O preço dessas assinaturas iniciais, bem mais baixo do que então custava um único CD, foi o argumento final para convencer o público a aderir.

“Você não sente que está gastando tanto, pois paga bem menos na assinatura. E mais gente passa a gastar. Vira hábito cultural, ninguém quer estar fora”, sentencia André Izidro.

EXPLOSÃO NAS RECEITAS

Fosse através de downloads, fosse através de um não inteiramente previsto streaming, um ponto acertado pelo relatório da OCDE foi a explosão das receitas digitais. Em 2005, elas representavam de 1% a 2% do total. Hoje, ultrapassam 80%. E o documento, de certa maneira, previa esse salto.

“Mas nem todos, claro, ganharam com essa transformação. Compositores e músicos acompanhantes perderam. Antes, já recebiam um fixo alto de cara. Hoje, recebem mais parcelado, e dependendo de plays. O produtor, por exemplo, agora precisa brigar para ter royalty”, aponta Izidro, que pondera: ao mesmo tempo, a digitalização também permitiu maior autonomia para artistas independentes. “Metade da receita paga pelo Spotify no ano passado foi para artistas independentes. Hoje, você negocia diretamente com distribuidoras.

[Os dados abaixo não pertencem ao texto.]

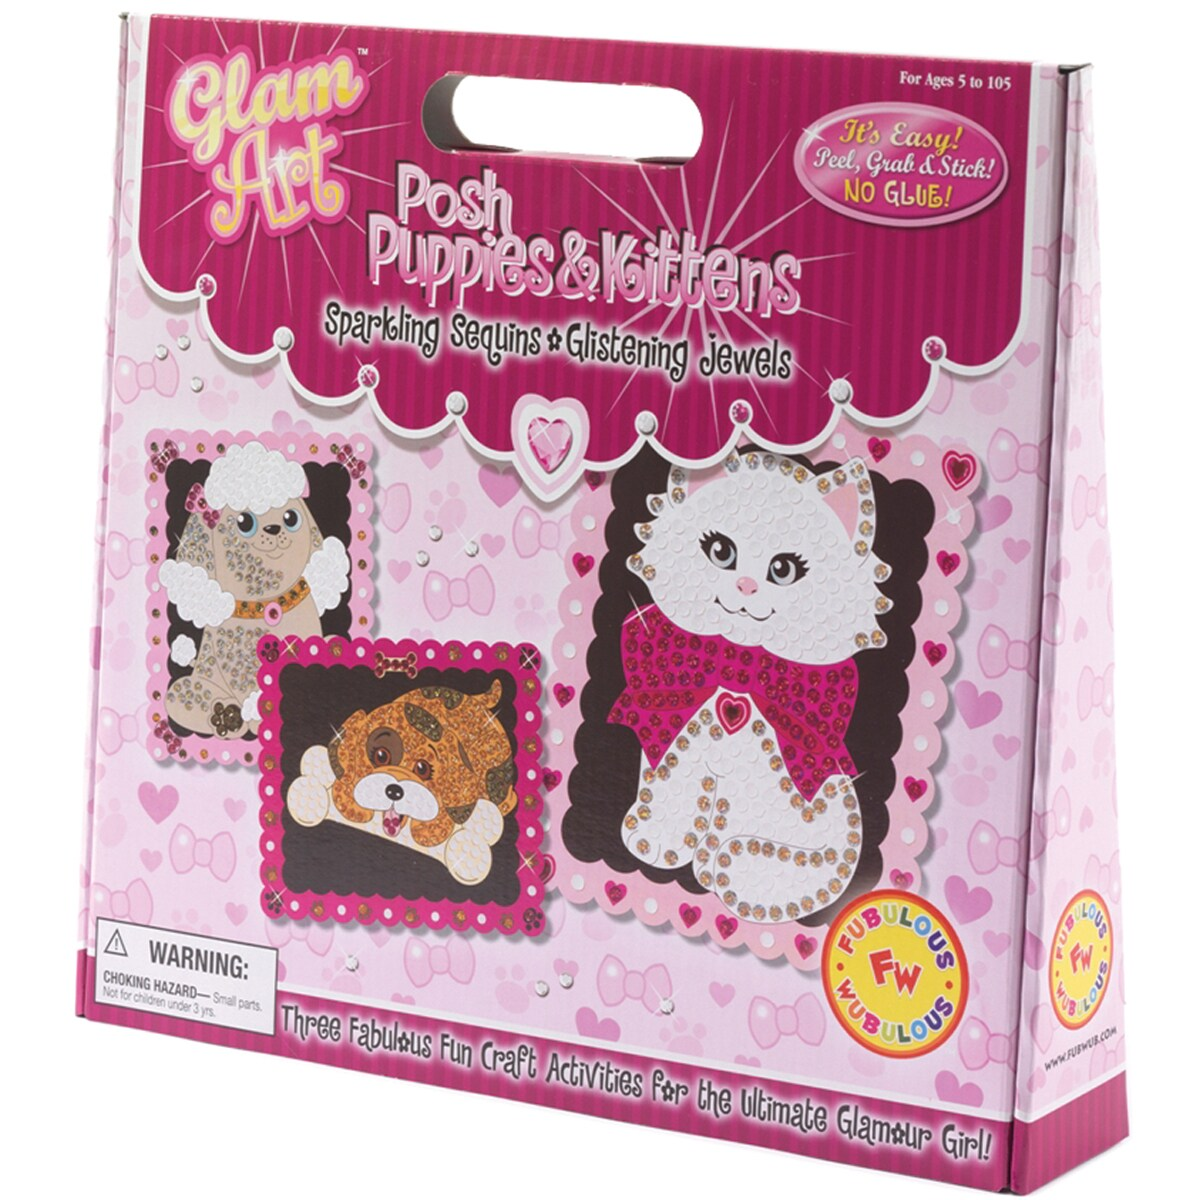 Do-A-Dot Glam Art Kit-Posh Puppies & Kittens

Em alguns casos, o artista pode ficar com até 70%.”

DIVERSIDADE MUSICAL

Sobre diversidade, o relatório acertou ao prever que o digital, pelo menos num primeiro momento, ampliaria a variedade de gêneros e nichos. Mas, com o tempo, a tendência é que fórmulas de sucesso se repitam de maneira exponencial, ainda mais do que antes da era digital.

“É a aposta mais fácil e barata para a gravadora. Até há muita diversidade nas plataformas, claro, cabe tudo ali. Mas as músicas mais consumidas, e que mais recebem royalties, são aquelas que repetem certo padrão. Se a indústria não se cuidar, vai acabar morrendo de tanto repetir fórmulas de sucesso”, provoca Brandão.

Para evitar isso, Izidro pede mais regulação e políticas públicas:

“Uma política que garanta a aplicação de (parte da) receita (das plataformas) no desenvolvimento da música, de novos nichos, gêneros, artistas. A indústria musical formal, em muitos sentidos, virou banco, só faz aposta sem risco. Antigamente a gravadora apostava em 30 artistas para 3 darem certo. Hoje, só se investe no que já deu certo. Isso é perigoso. O futuro da música depende de inovação constante.”

A visão da OCDE de que a música anteciparia transformações que alcançariam outras indústrias de conteúdo também se confirmou. Streaming de vídeo, podcasts, games online: todos seguiram a lógica do acesso. Até que uma nova transformação, a ser prevista (ou não) num novo relatório, mude tudo completamente outra vez.